Ali Mahmoud () is Lebanese-Canadian basketball player.

Career
Mahmoud was born on May 28, 1983, in Ottawa, Ontario, Canada, to Toufic and Gina Mahmoud, who had immigrated to Canada.

He played with St. Patrick's High School Fighting Irish 1999 to 2002 and for one academic year, in 2002-2003, in University of Ottawa Gee-Gees. In 2003, Mahmoud was offered a professional contract by Champville SC, a Lebanese club in Division A. One year later, he moved to another Lebanese club Al Riyadi, where he stayed playing there until 2016. Afterwards, he joined Byblos Club for one year before returning to Al Riyadi.

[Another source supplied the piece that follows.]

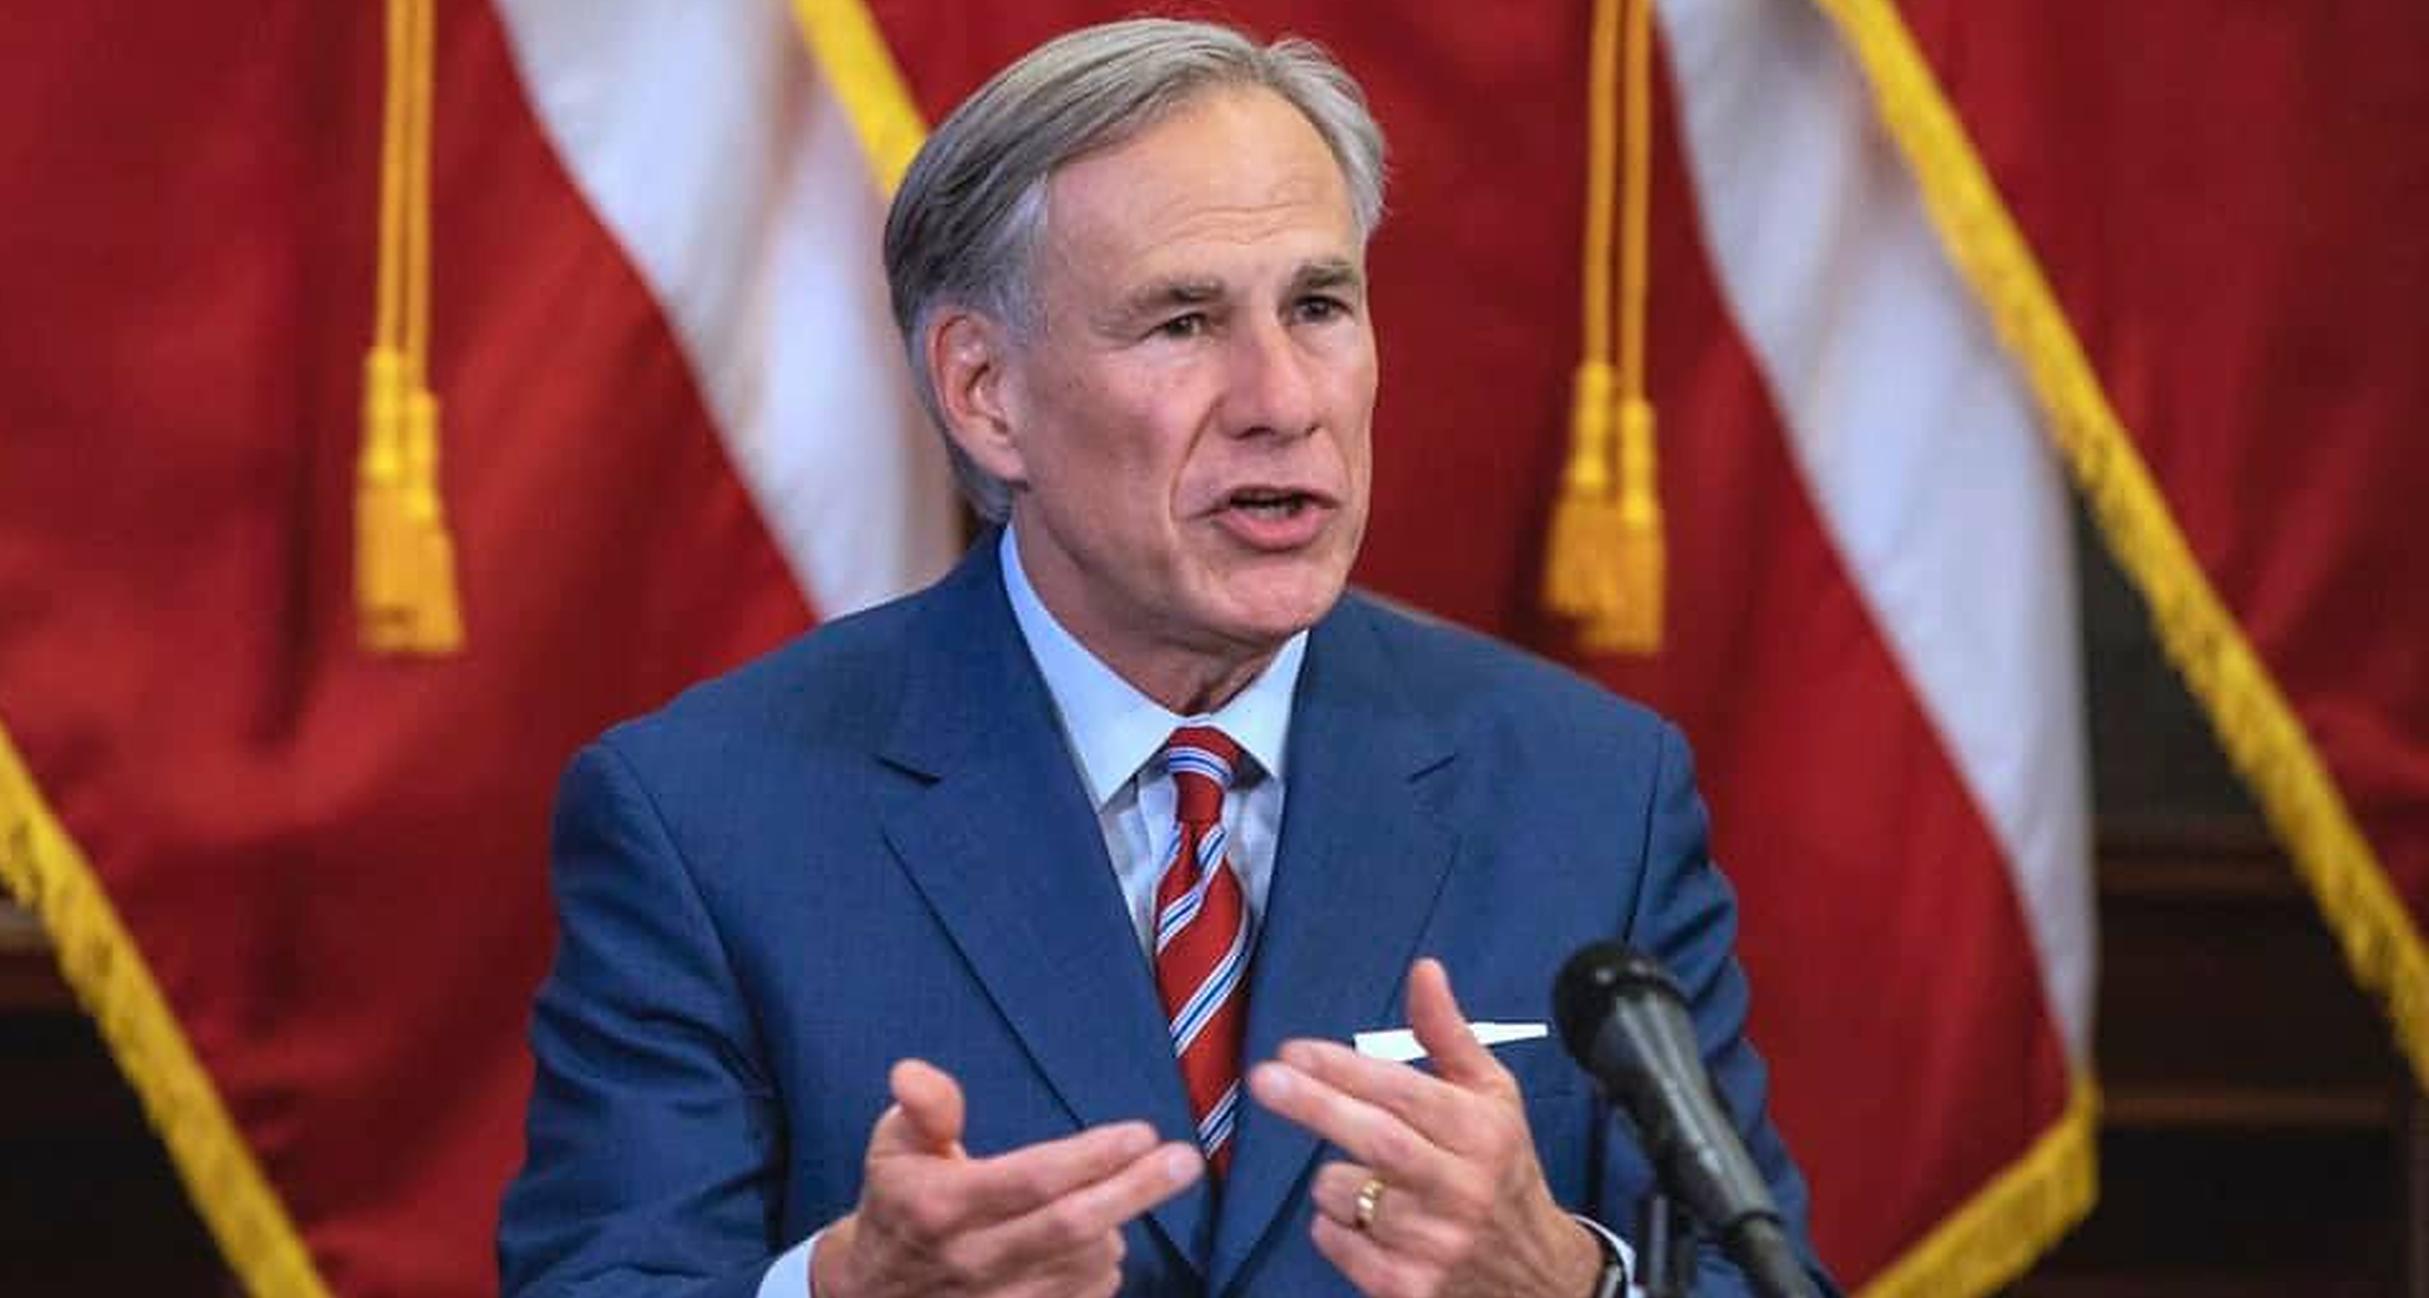 Guvernatorul din Texas interzice pașapoartele Covid. Companiile nu au dreptul de a solicita clienților dovada vaccinării

Mahmoud is also a member of the Lebanon national basketball team that participated in the 2006 FIBA World Championship which took place in Japan and in 2010 FIBA World Championship in Turkey. He is 1.83m and plays as a point guard (PG).

In the 2010 FIBA World Championship, he was the 2nd best stealer.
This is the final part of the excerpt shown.